As he remained quite ill, as antibiotic after antibiotic failed to make him well, it was “scary as heck,” Amdur Spitz says now, remembering how helpless she felt, though her son did eventually improve.

“Everyone was perplexed as to why he wasn’t getting any better,” she says.

That was a wakeup call for Amdur Spitz,head of her namesake strategic communications/public relations firm, and husband Jeff Spitz, an Emmy Award-winning documentary filmmaker. They decided they were going to be “more mindful” of their food choices. Through their company, Groundswell Educational Films, they chronicled their journey, which included raising chickens at the family’s former Northbrook home.

The result is “Food Patriots,” a 74-minute, often quite humorous film about a very serious subject: the safety of our food. I think those funny moments make the film so accessible to so many. For a little more than a year they have been showing it just about anywhere people want to gather and watch.

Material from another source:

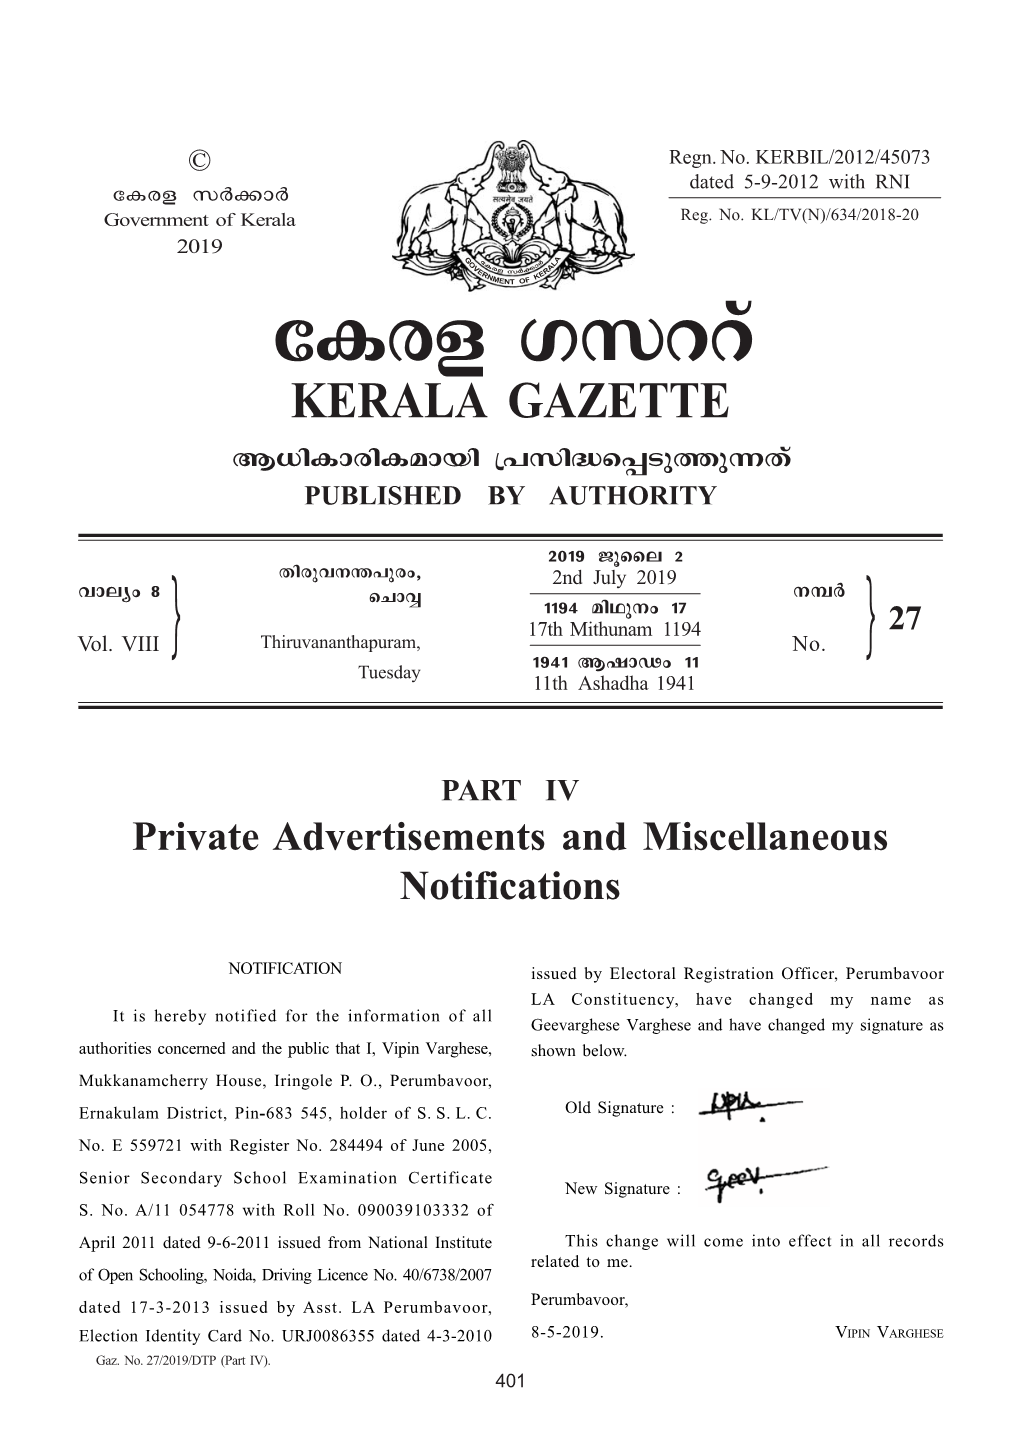 PART IV Private Advertisements and Miscellaneous Notifications

One message they hope people take away is the importance of improving our food choices. In the documentary, they introduce others who have taken small steps that eventually led to big changes in the food supply for not only their families, but their communities. It’s a really inspiring film.

Amdur Spitz started her family’s changes by making sure that 10 percent of their grocery purchases were fresh, organic and local. That’s doable, right?

In “Food Patriots,” Amdur Spitz and others go to their legislators with a signed petition that seeks to take the risk of antibiotic superbugs out of school lunches.

The lawmakers were, for the most part, unmoved, and they’re “still not interested,” Amdur Spitz says.

But if we, the consumers, change, oh, those legislators are going to notice. More important, food companies will pay attention. We change up our eating habits and the impact of those purchases are noticed.

“We can drive that change by what we eat,” says Amdur Spitz.

Impossible dream? Look at Target, with almost 2,000 U.S. stores. The chain just announced it’s moving away from processed packaged fare and – because of consumer demand – will offer more organic selections. Everyday shoppers made their preferences known, impacted the company’s bottom line, and change is occurring.